Stored data ->
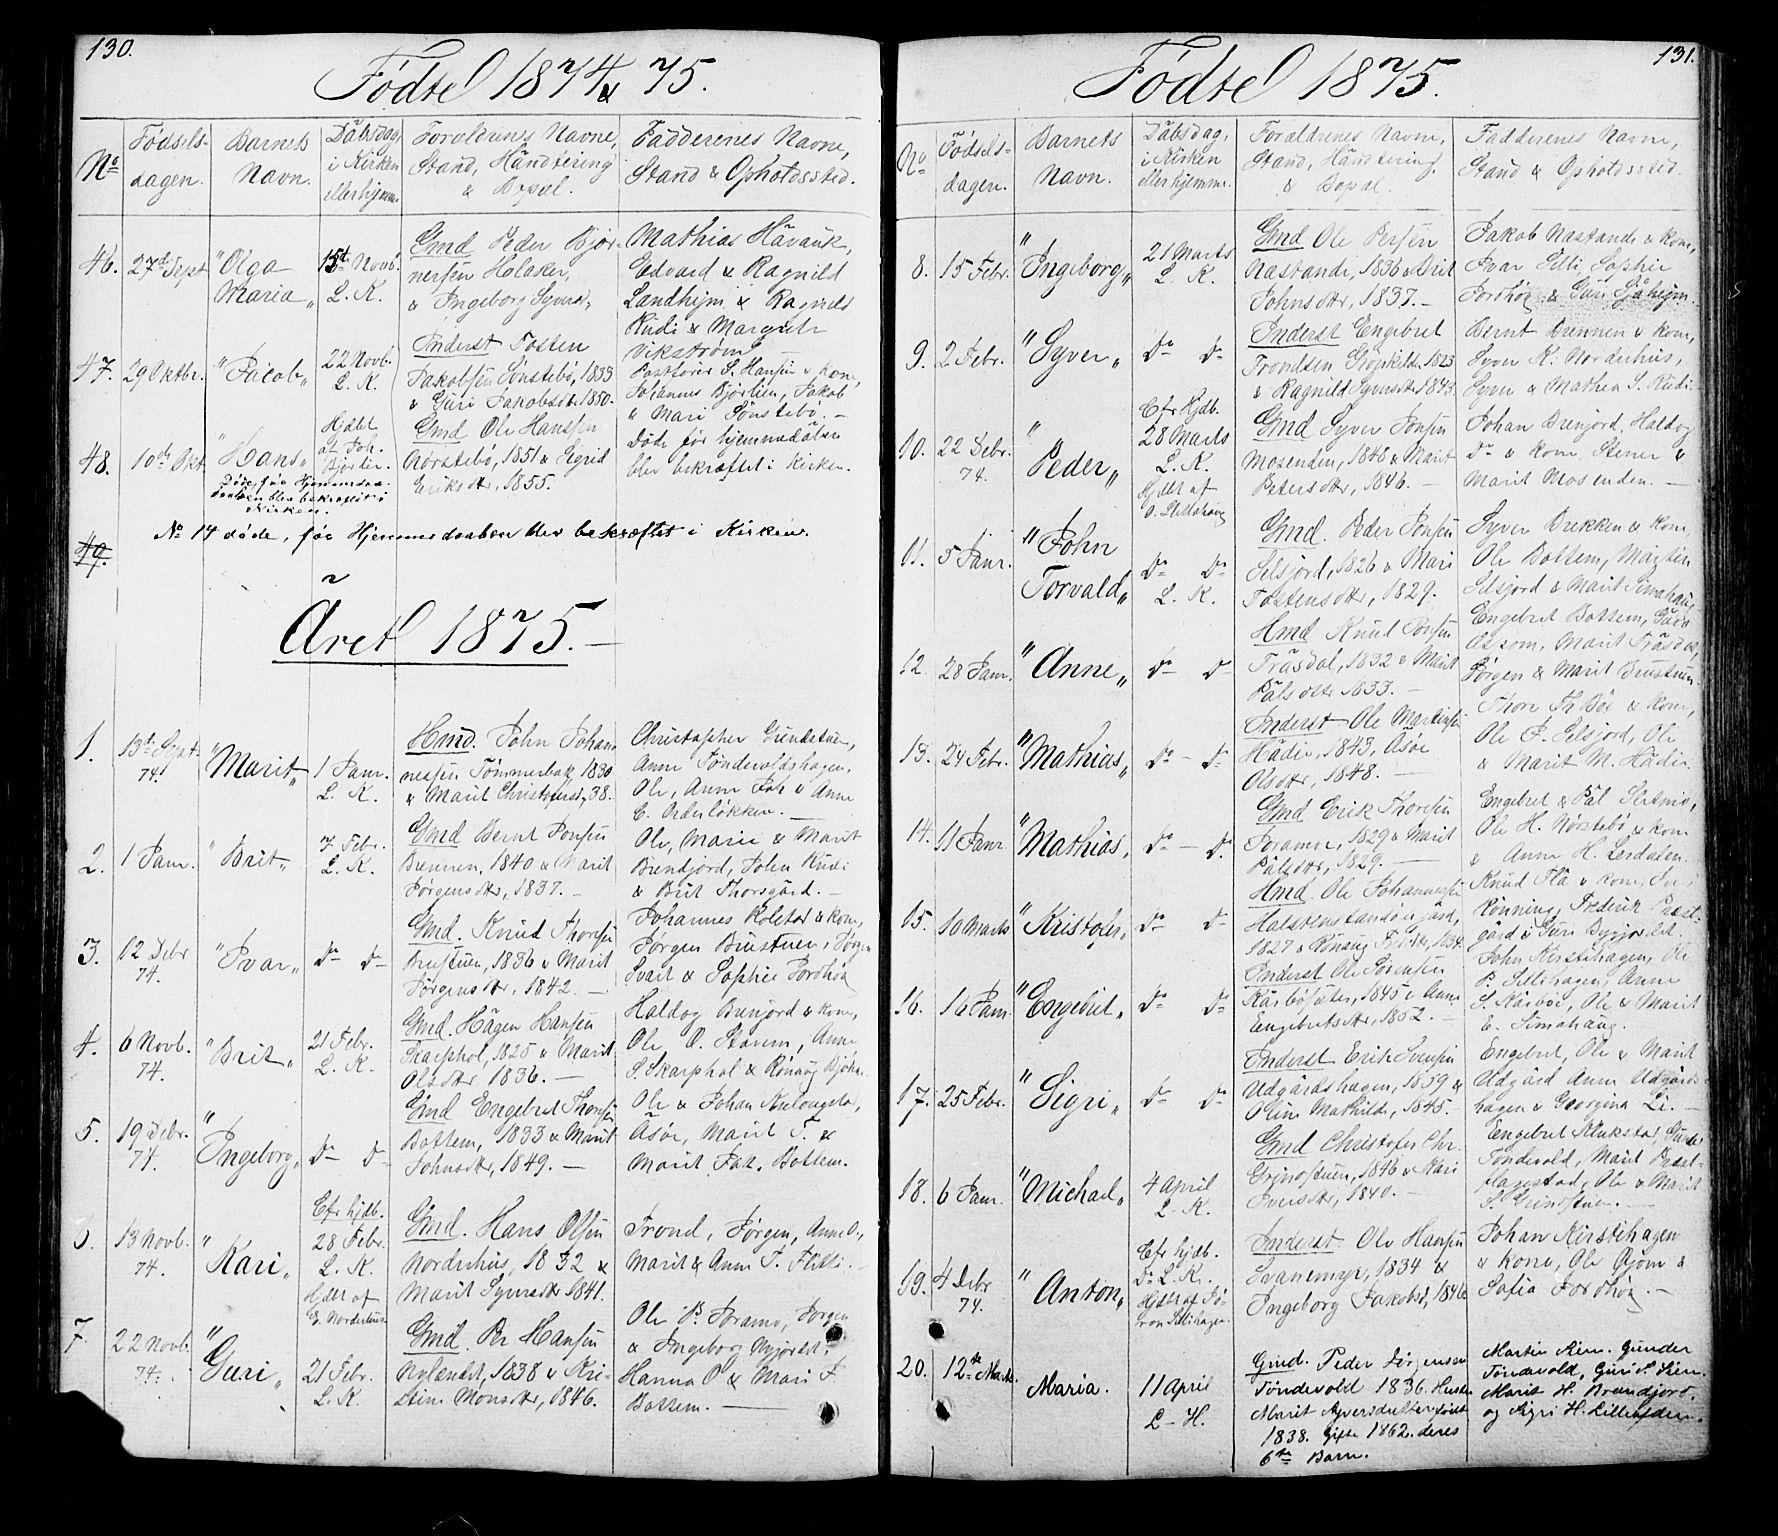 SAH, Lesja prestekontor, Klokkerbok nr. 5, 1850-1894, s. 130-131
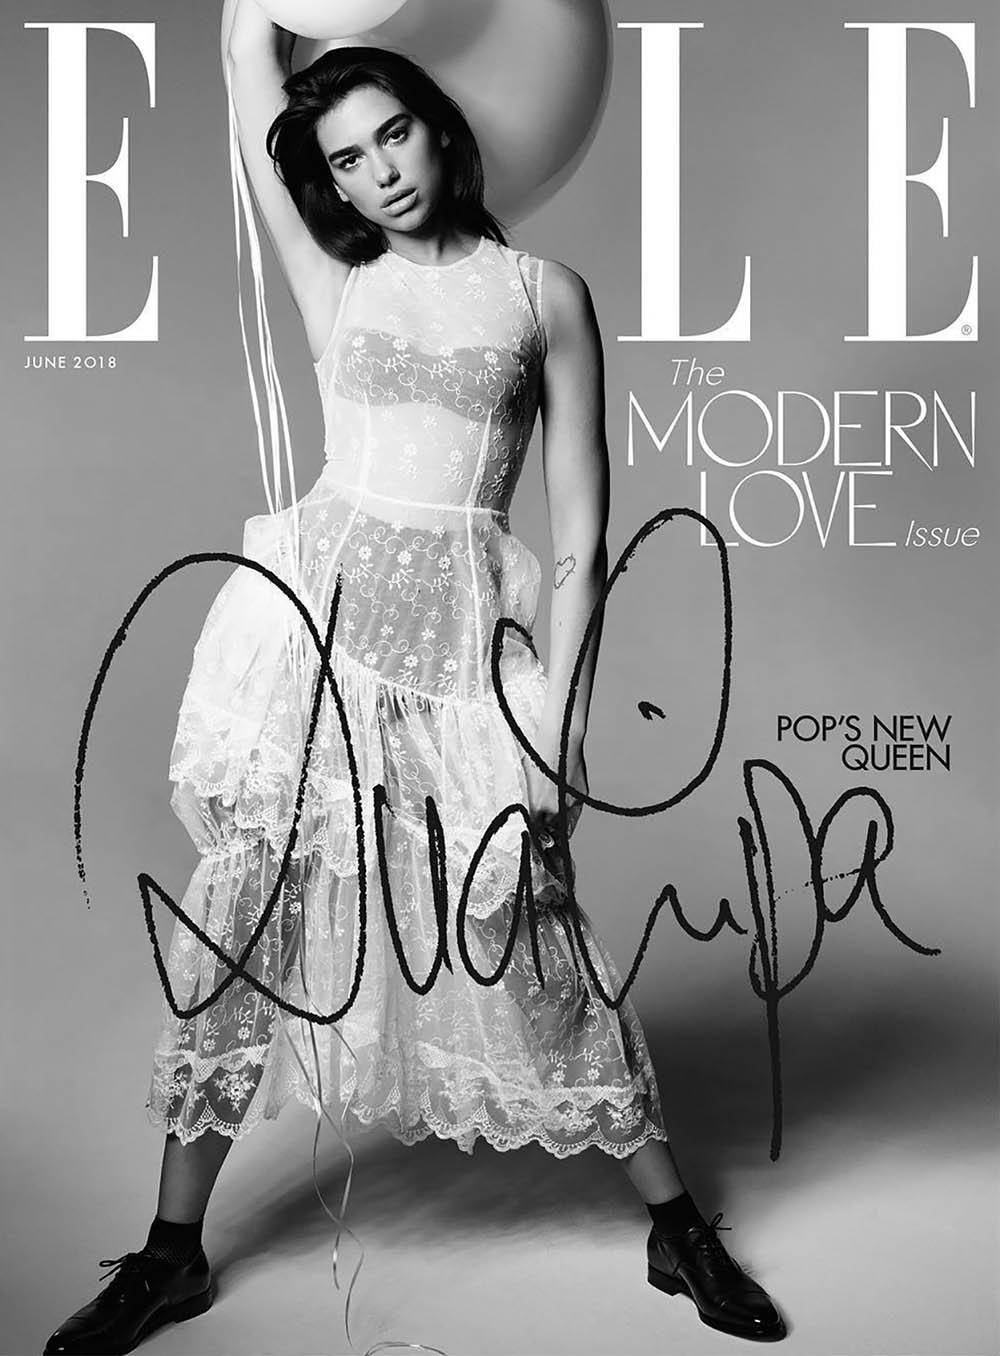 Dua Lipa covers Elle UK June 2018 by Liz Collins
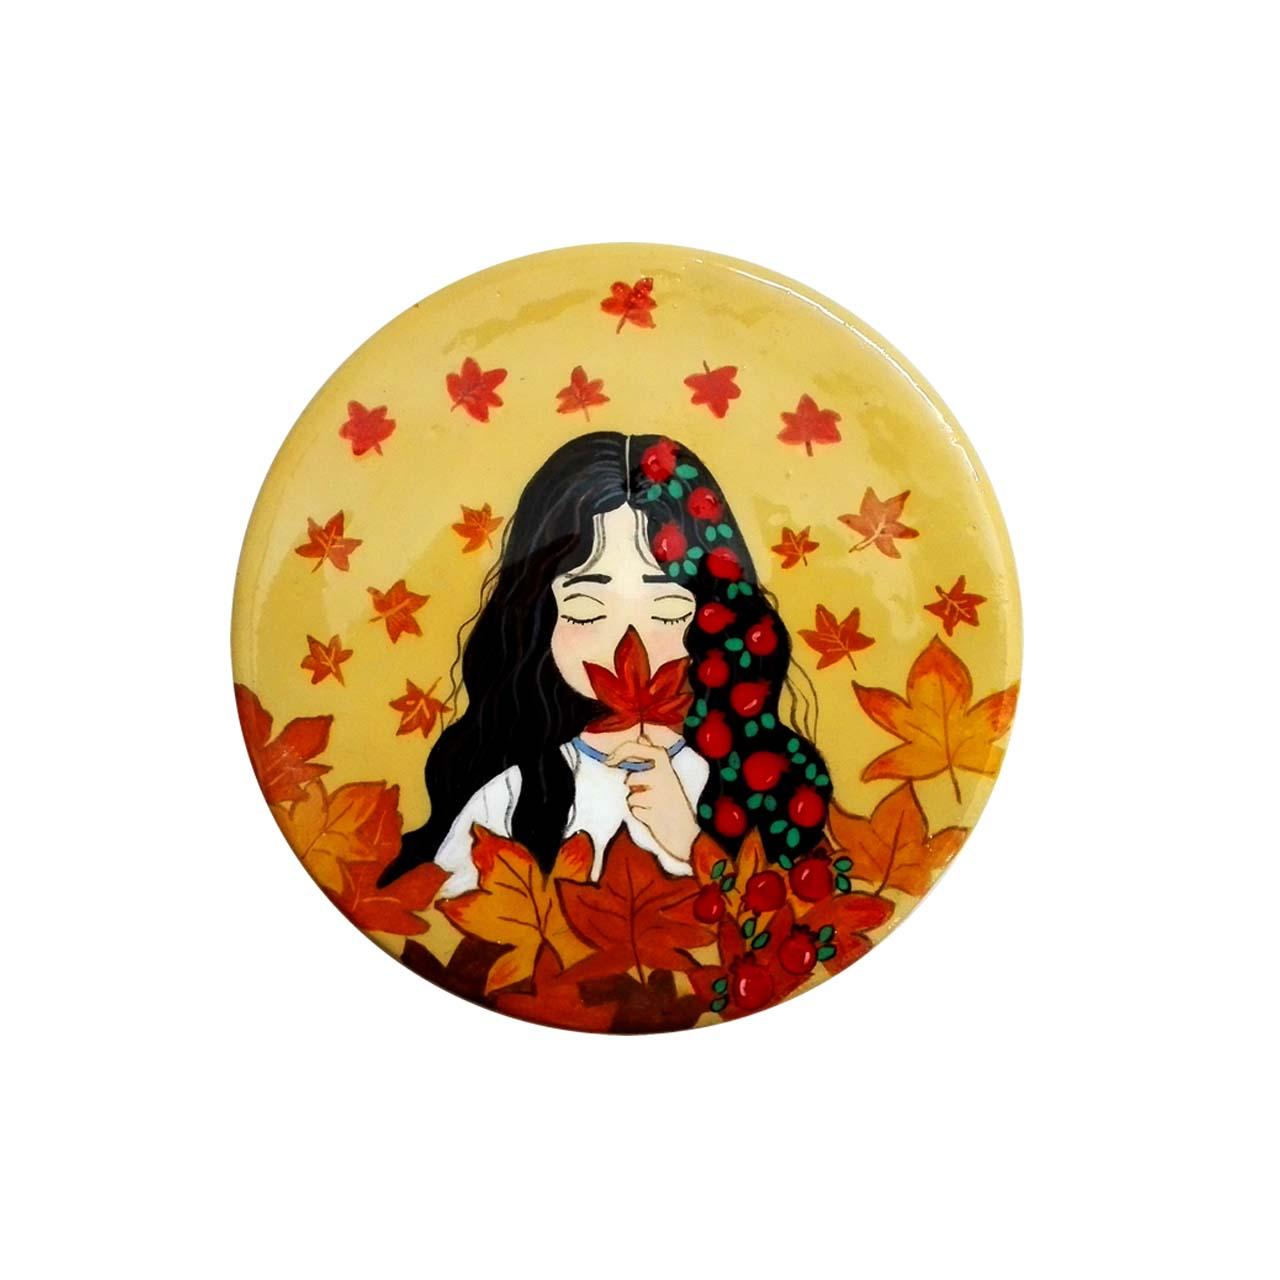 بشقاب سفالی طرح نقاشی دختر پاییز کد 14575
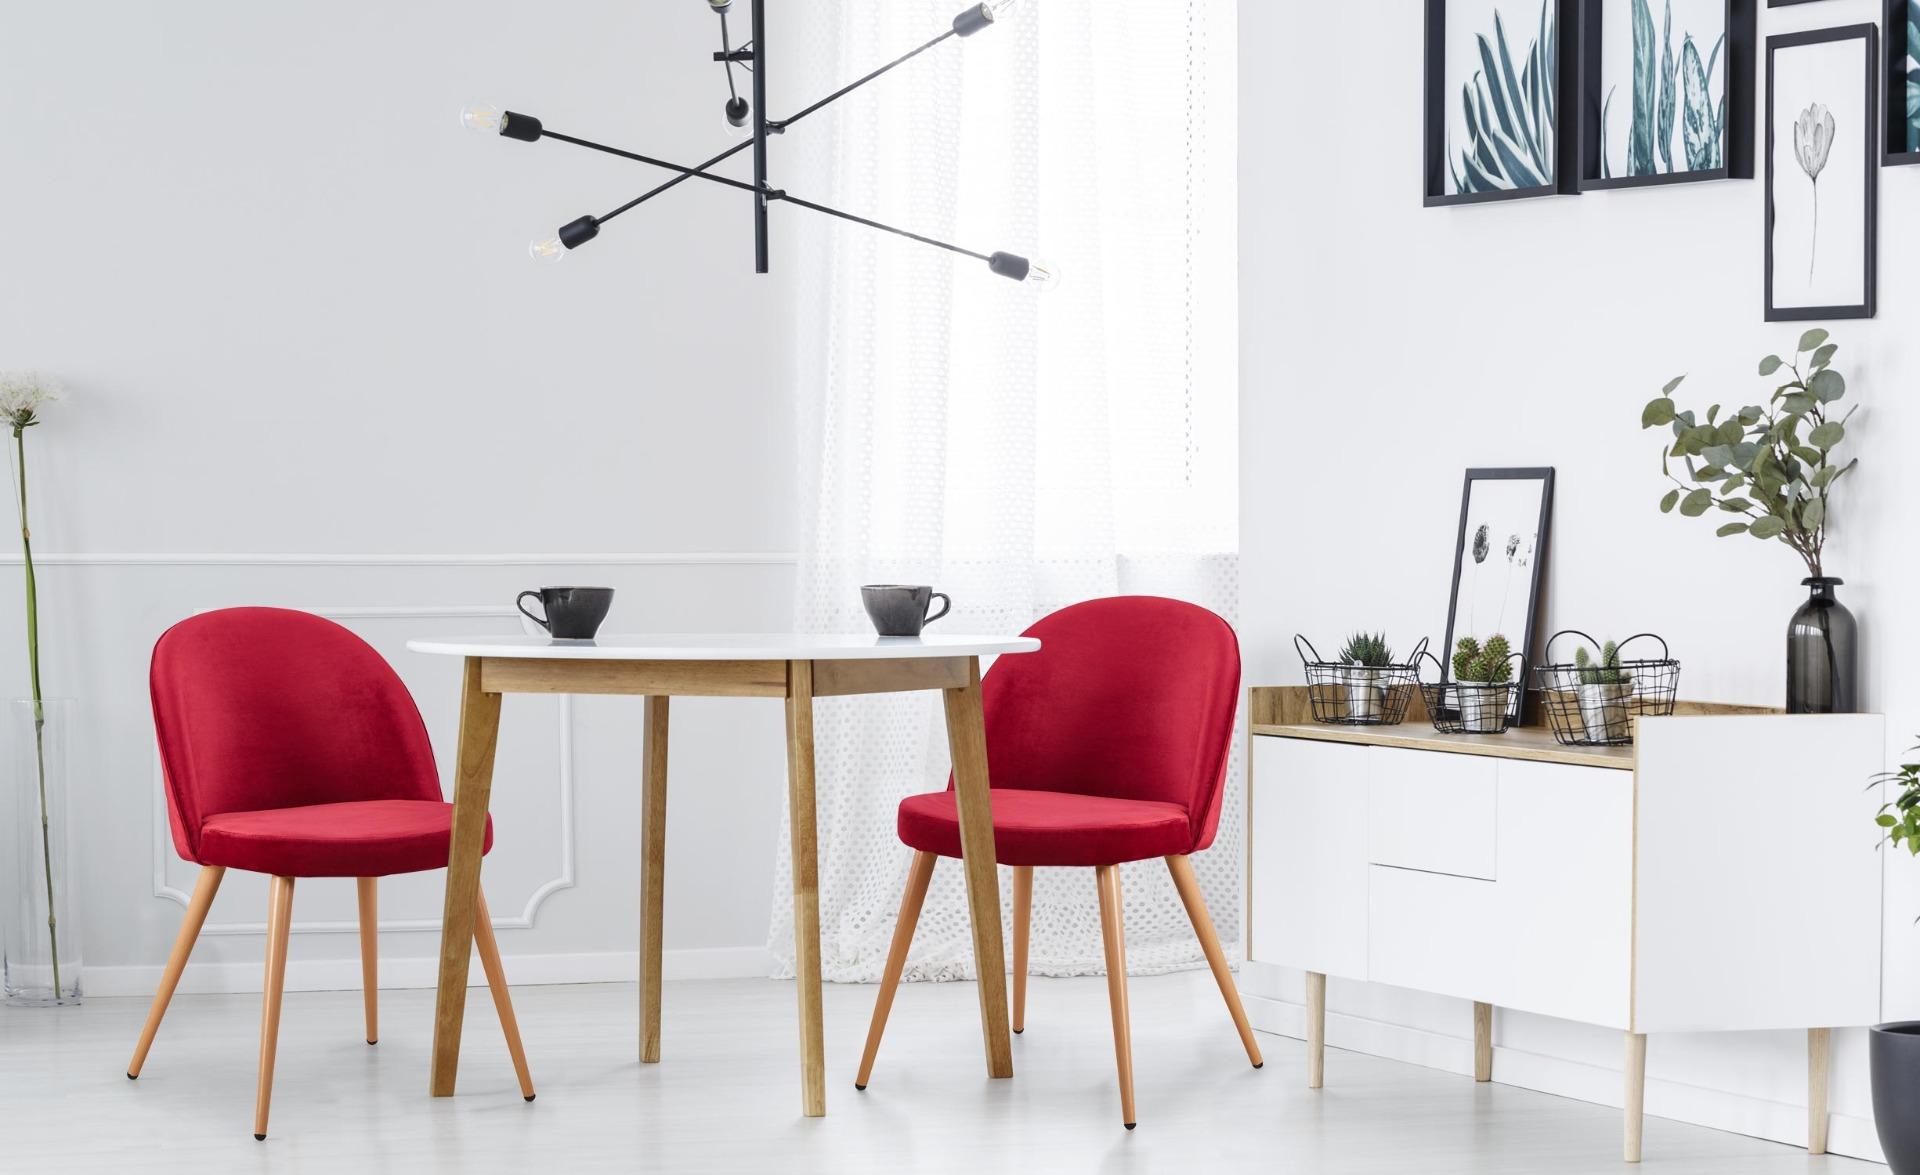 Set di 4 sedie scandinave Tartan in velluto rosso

Task brief ->
Only the lines from the one that holds "Dua Lipa covers" through the final line of the material should be reproduced, word for word, with the pictures omitted.

Written reply ->
 Dua Lipa covers Elle UK June 2018 by Liz Collins
 بشقاب سفالی طرح نقاشی دختر پاییز کد 14575
 Set di 4 sedie scandinave Tartan in velluto rosso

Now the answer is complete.